▶ Exercise objective:
Write out the listing below without alteration, omitting its pictures.

▶ Information shown:
_____
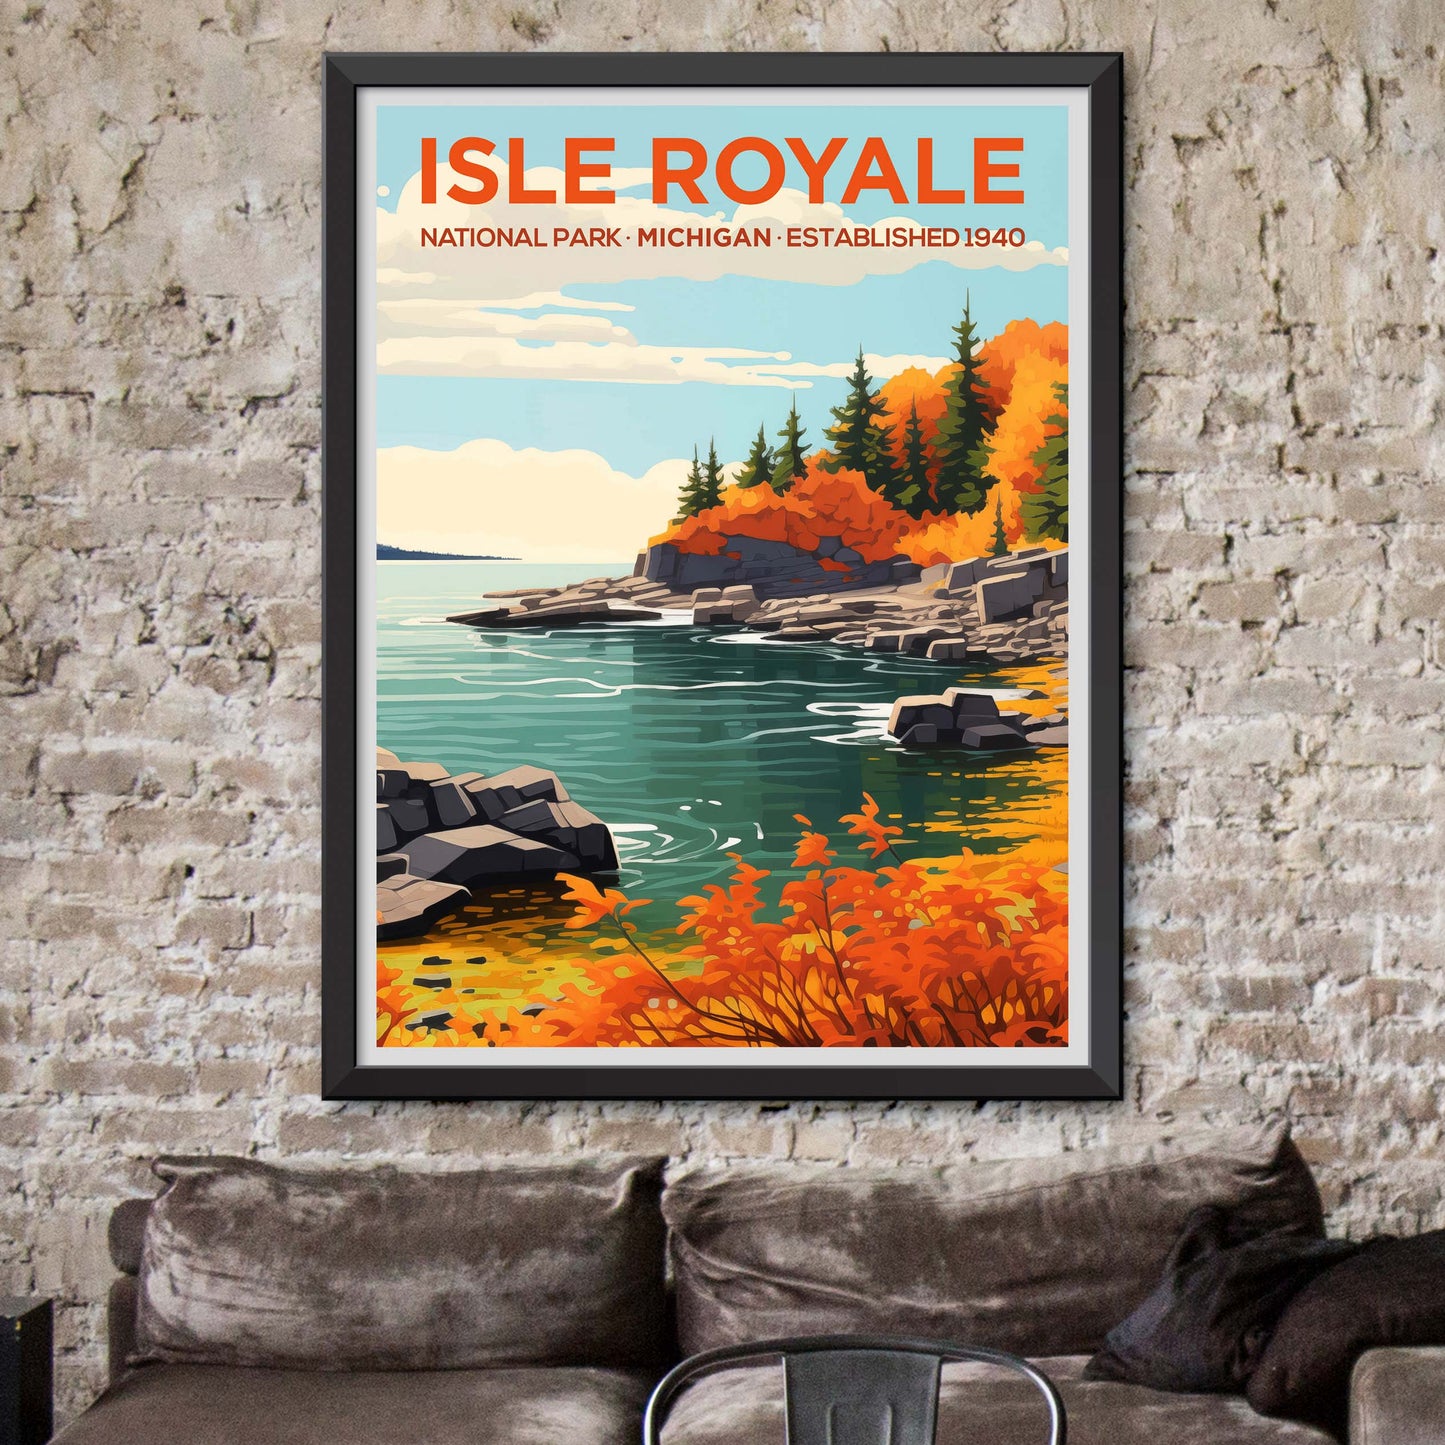 Isle Royale National Park Travel Poster with Vibrant Colors
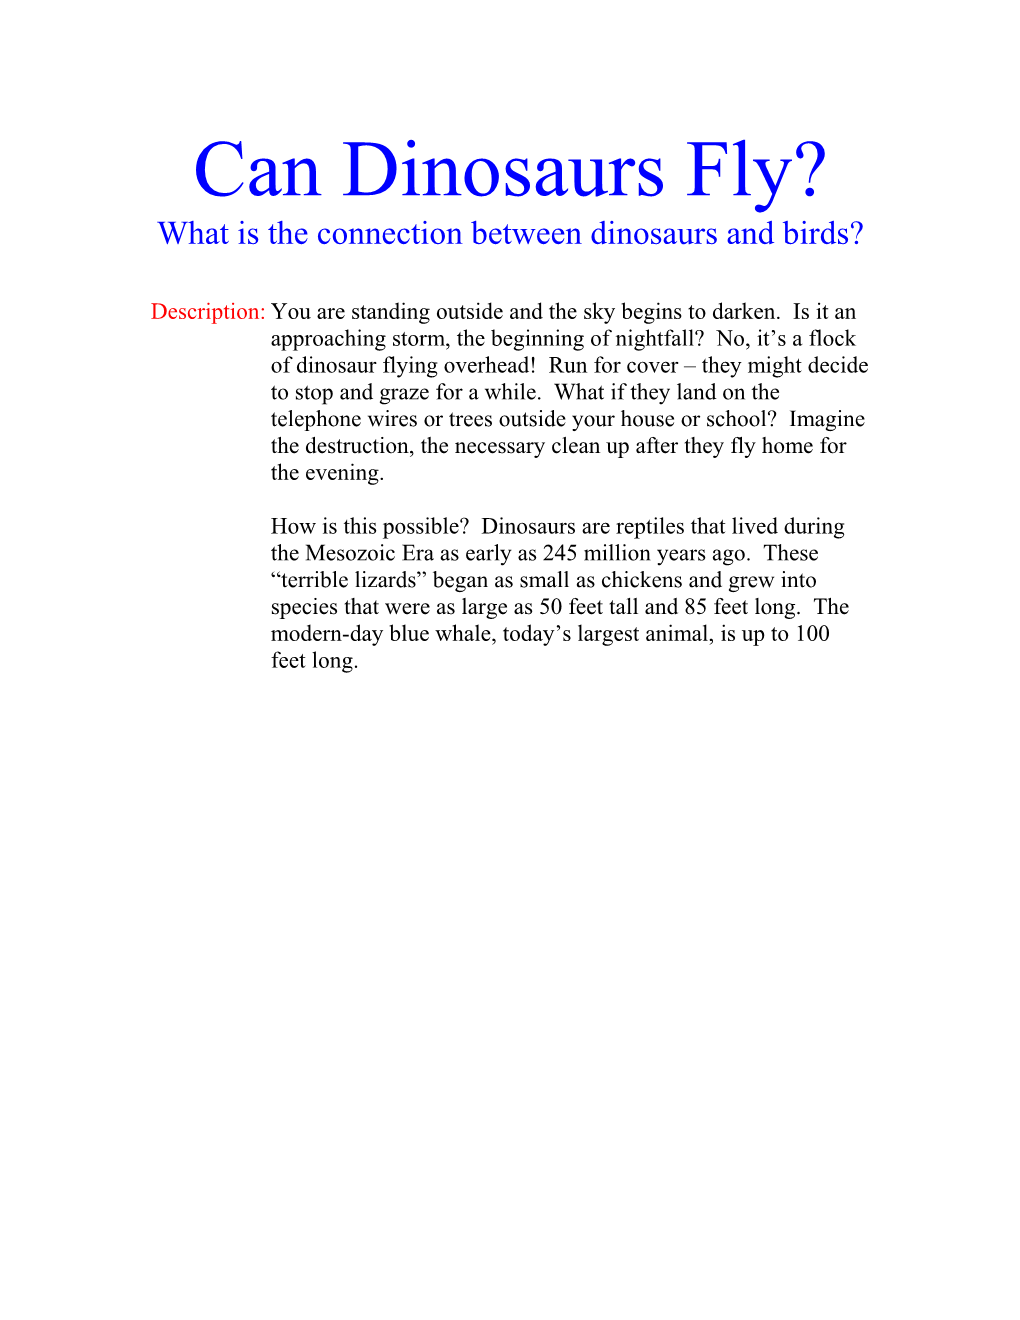 Can Dinosaurs Fly
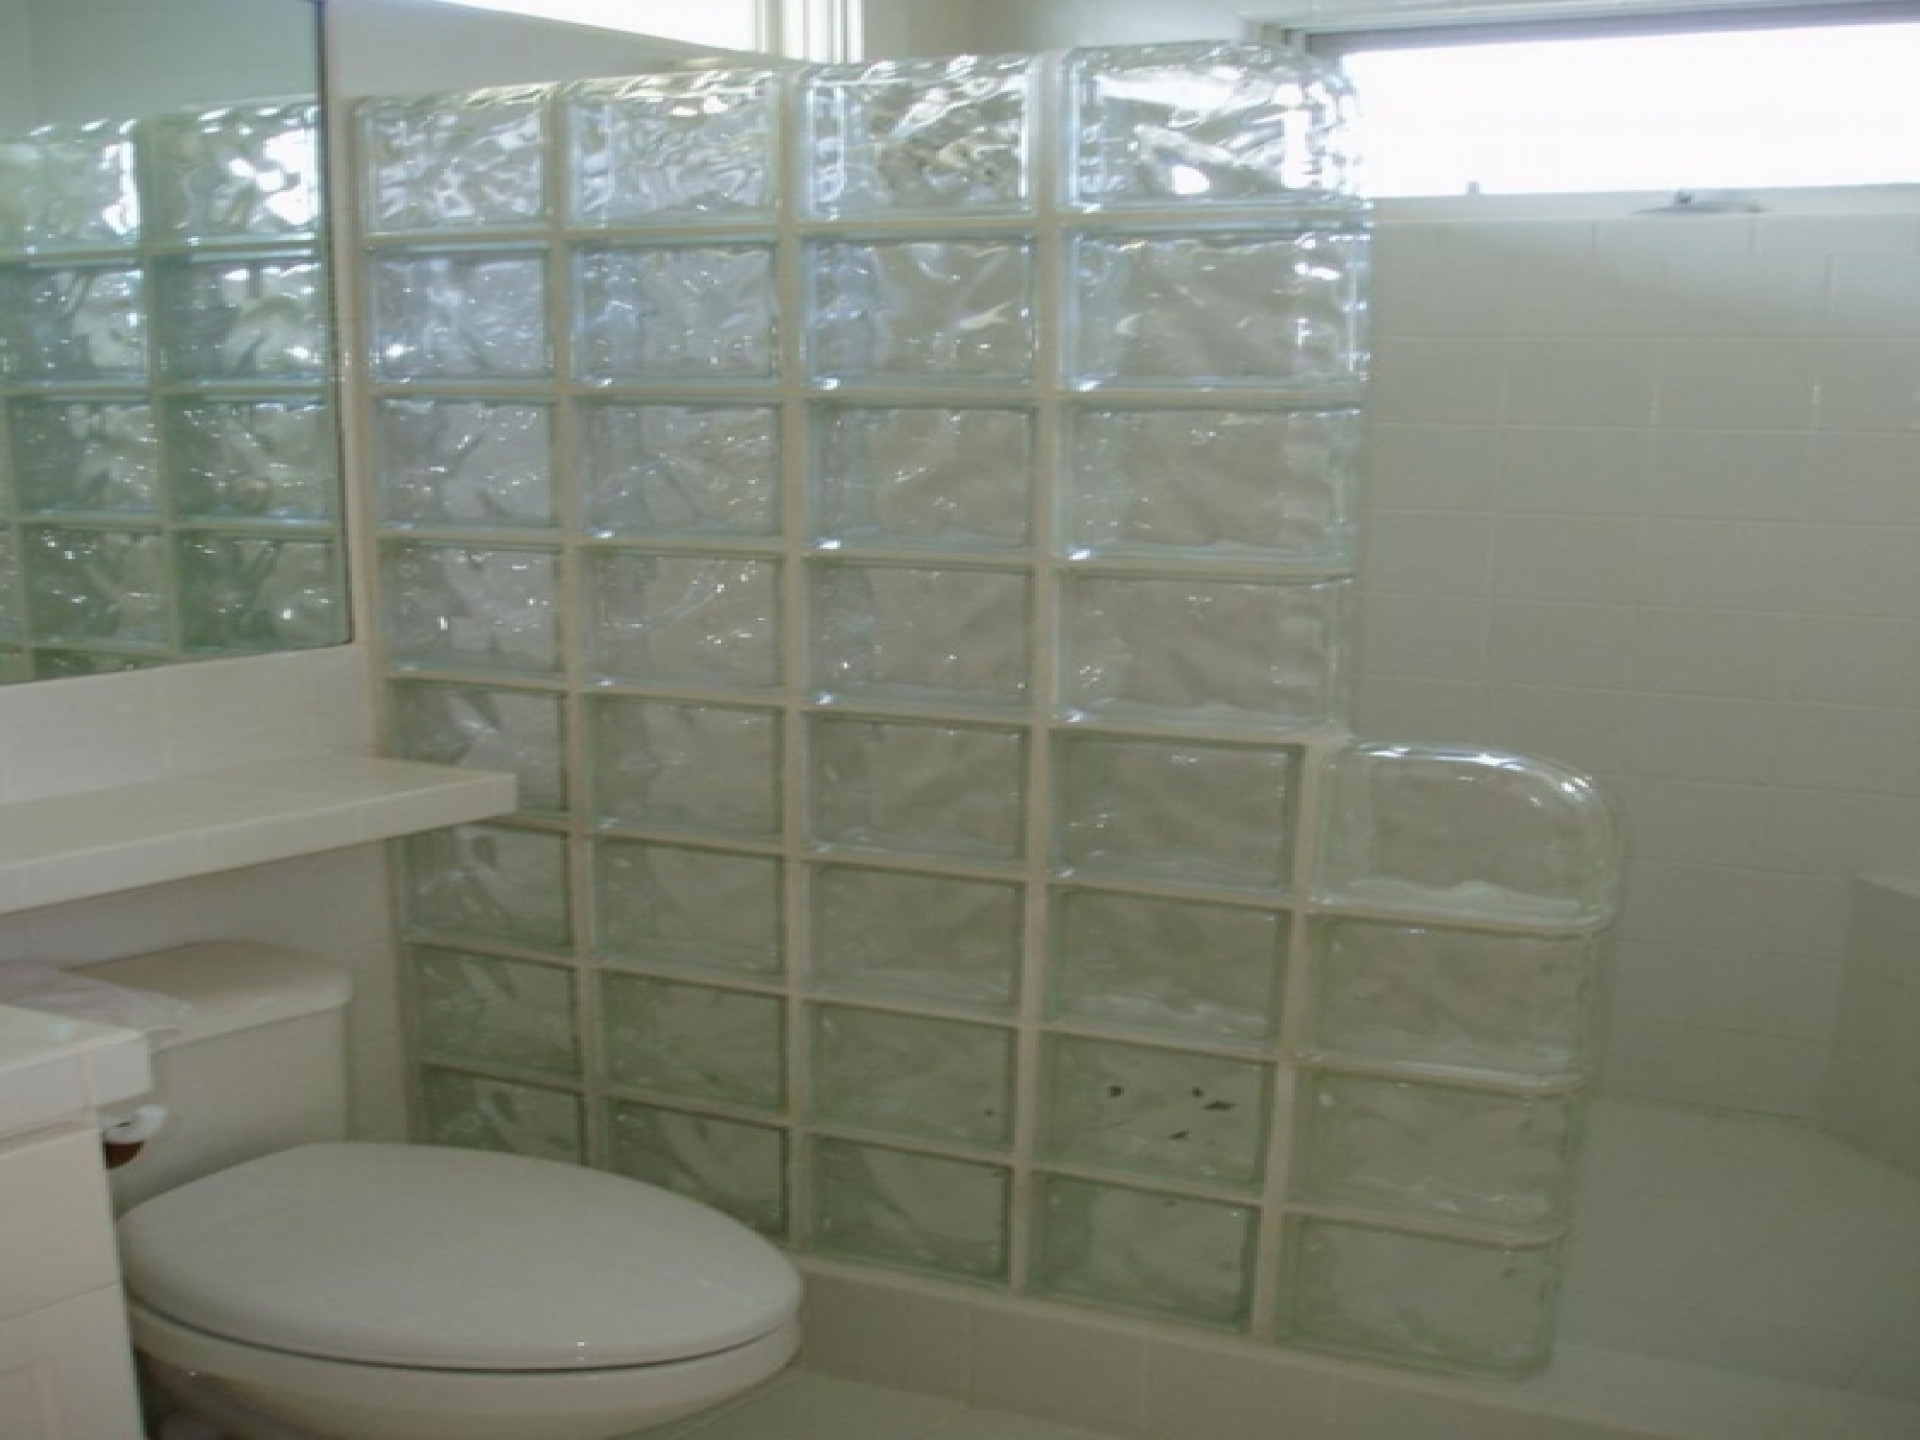 Glass Tile Bathroom Ideas
 40 great pictures and ideas of 1920s bathroom tile designs
_____
▶ Solution to this exercise:
 Isle Royale National Park Travel Poster with Vibrant Colors
 Can Dinosaurs Fly
 Glass Tile Bathroom Ideas
 40 great pictures and ideas of 1920s bathroom tile designs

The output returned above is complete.